The transcript then gives practical criteria. For each eigenvalue, algebraic multiplicity counts how many times it appears as a root of the characteristic polynomial, while geometric multiplicity counts the dimension of the eigenspace. A matrix is diagonalizable precisely when, for every eigenvalue, geometric multiplicity equals algebraic multiplicity (and the geometric multiplicities sum to n). A major consequence follows: every normal matrix—such as a selfadjoint (Hermitian) matrix—is diagonalizable, and even admits an orthonormal eigenbasis.
Finally, a convenient shortcut is offered: if a matrix has n distinct eigenvalues in an n-dimensional space, then it is diagonalizable. In that situation each eigenvalue has algebraic multiplicity one, and the eigenspaces automatically provide enough independent eigenvectors without explicitly computing them.
Cornell Notes
A square matrix is diagonalizable exactly when it has n linearly independent eigenvectors, letting every vector in C^n be written in that eigenvector basis. With eigenvectors X1,…,Xn arranged as columns of X, the matrix can be rewritten as A = X D X^{-1}, where D is diagonal and contains the eigenvalues. Diagonalization fails when the eigenspaces are too small—for instance, a 2×2 matrix with only one eigenvalue and a one-dimensional eigenspace cannot supply two independent eigenvectors. The key test uses multiplicities: for each eigenvalue, geometric multiplicity must equal algebraic multiplicity. Normal matrices (including selfadjoint/Hermitian ones) always satisfy this and therefore are diagonalizable.

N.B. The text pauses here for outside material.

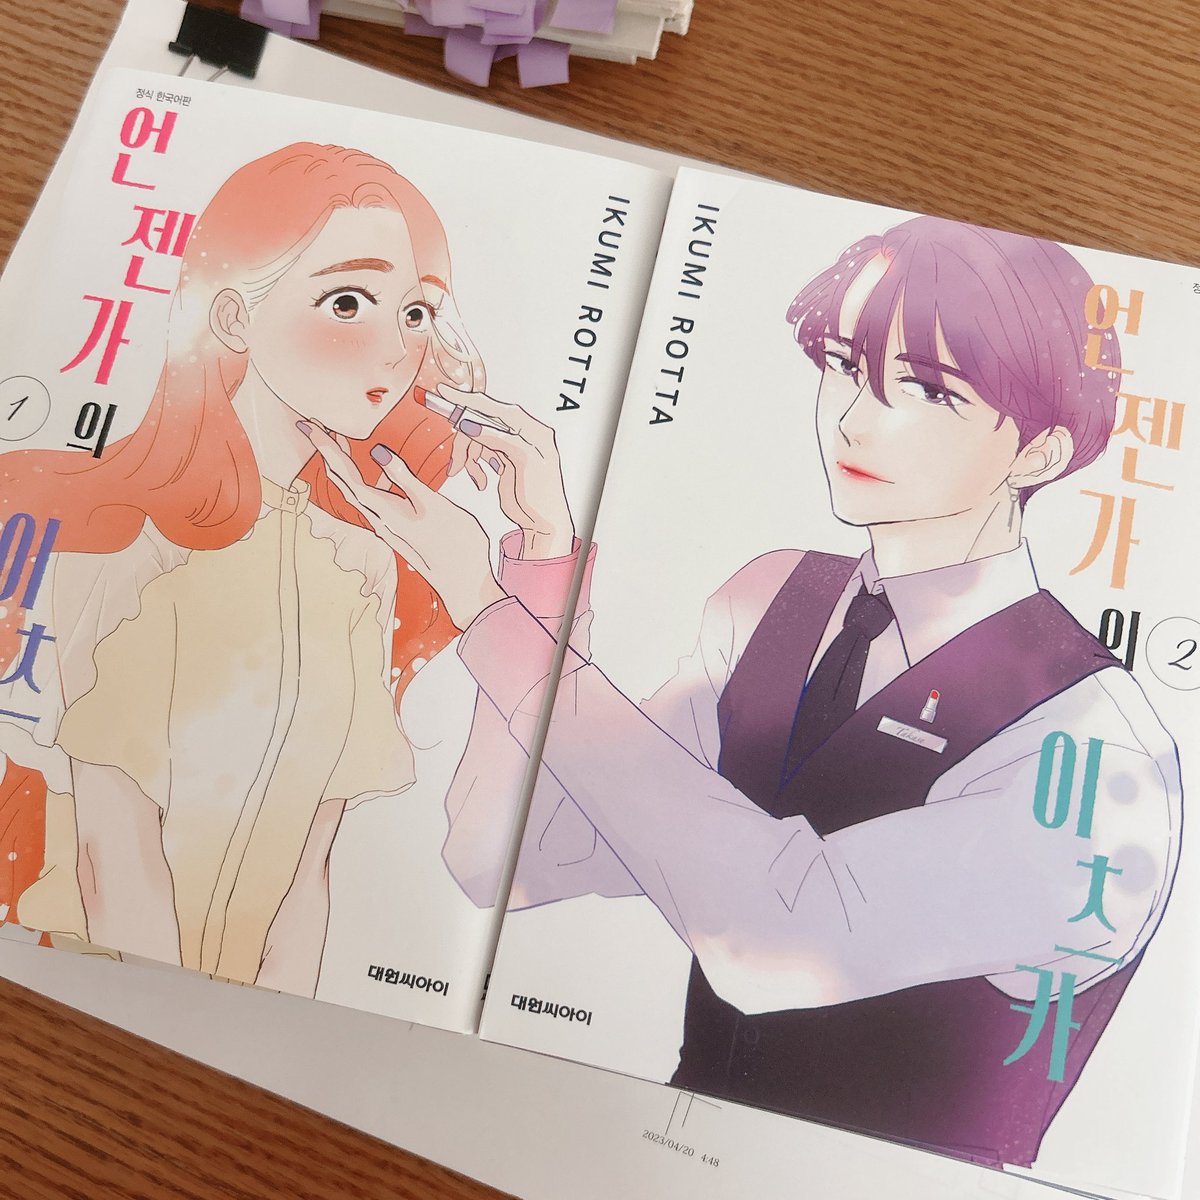 担当さんより韓国語翻訳版『いつかのいつか』送っていただいてさっき開封して中身見てました。嬉しいなあ。じーんときてしまった。この漫画を好きになってくれる人に届くといいな🥲

Why does having an eigenvector basis make diagonalization possible?
What is the precise condition for diagonalizability in C^n?
How do algebraic and geometric multiplicities determine diagonalizability?

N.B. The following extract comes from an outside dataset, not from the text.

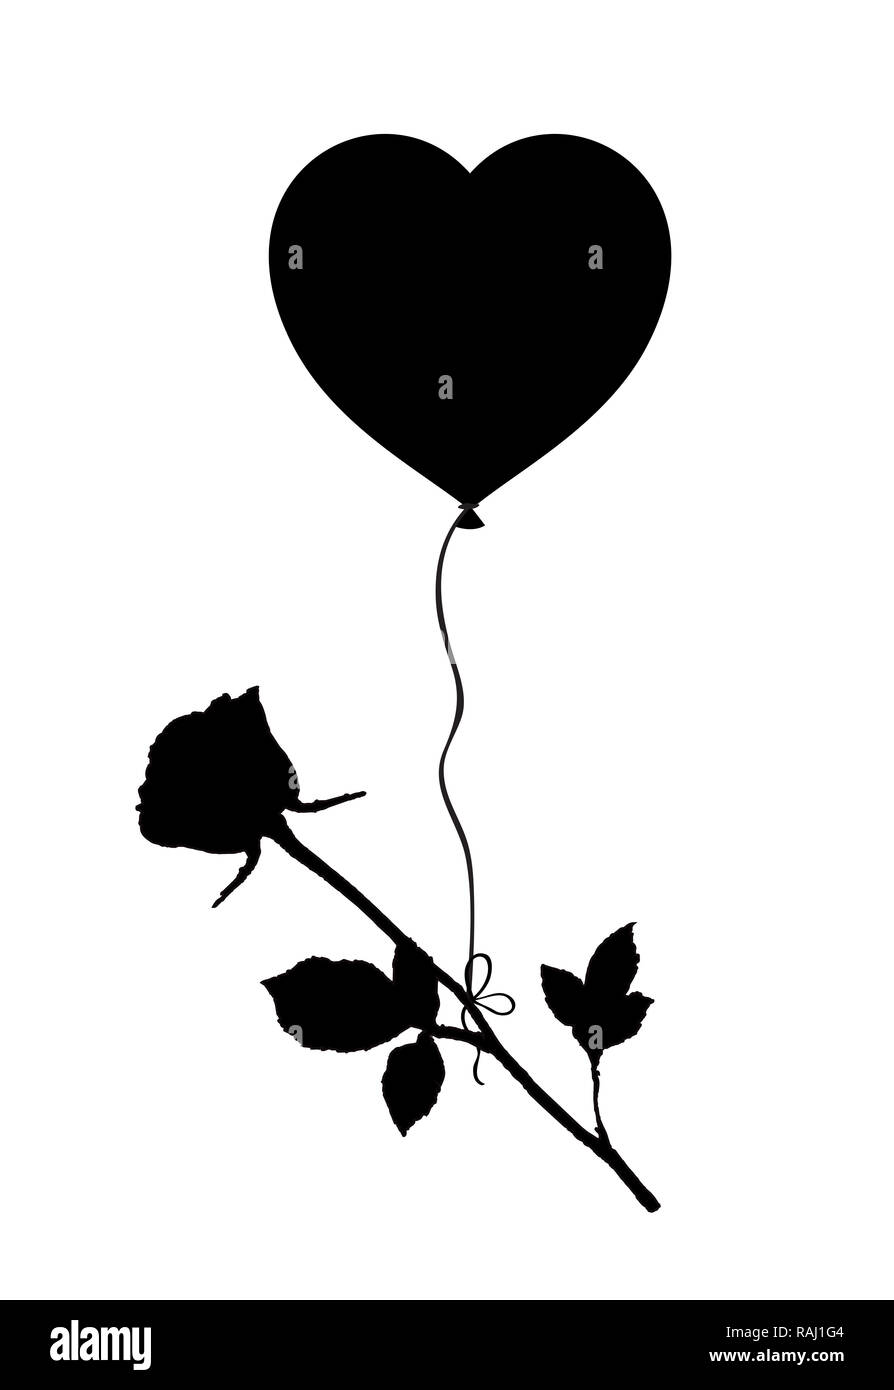 Schwarze Silhouette Von Rose Blume Fliegen Auf Helium Ballon In Herzform Auf Weissem Hintergrund Schwarzweiss Bild Symbol Zeichen Clip Art Stockfotografie Alamy

Why can a triangular matrix be diagonalizable even if it isn’t diagonal?
What specific failure mode prevents diagonalization in the 2×2 case?
What shortcuts guarantee diagonalizability without computing eigenvectors?
Review Questions
- State the definition of a diagonalizable matrix and explain how it leads to the formula A = X D X^{-1}.

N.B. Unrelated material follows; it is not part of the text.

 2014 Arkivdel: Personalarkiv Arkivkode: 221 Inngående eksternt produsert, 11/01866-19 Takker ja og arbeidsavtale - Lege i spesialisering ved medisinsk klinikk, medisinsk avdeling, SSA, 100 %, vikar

- Give an example of why a matrix with geometric multiplicity smaller than algebraic multiplicity cannot be diagonalizable.
- Explain why normal matrices are guaranteed to be diagonalizable and what extra structure they provide.
Key Points
- 1
A square matrix is diagonalizable iff it has n linearly independent eigenvectors, equivalently iff the eigenvectors span C^n.
- 2
If X is the matrix whose columns are eigenvectors and D is diagonal with corresponding eigenvalues, then diagonalization means A = X D X^{-1}.
- 3
Diagonalization can succeed for non-diagonal matrices (e.g., some triangular matrices) as long as there are enough independent eigenvectors.
- 4
Diagonalization fails when eigenspaces are too small, such as a 2×2 matrix with only one eigenvalue and a one-dimensional eigenspace.
- 5
A practical criterion: for every eigenvalue, geometric multiplicity must equal algebraic multiplicity.
- 6
Every normal matrix (including selfadjoint/Hermitian matrices) is diagonalizable and admits an orthonormal eigenbasis.
- 7
If a matrix has n distinct eigenvalues, it is diagonalizable without needing to compute eigenvectors.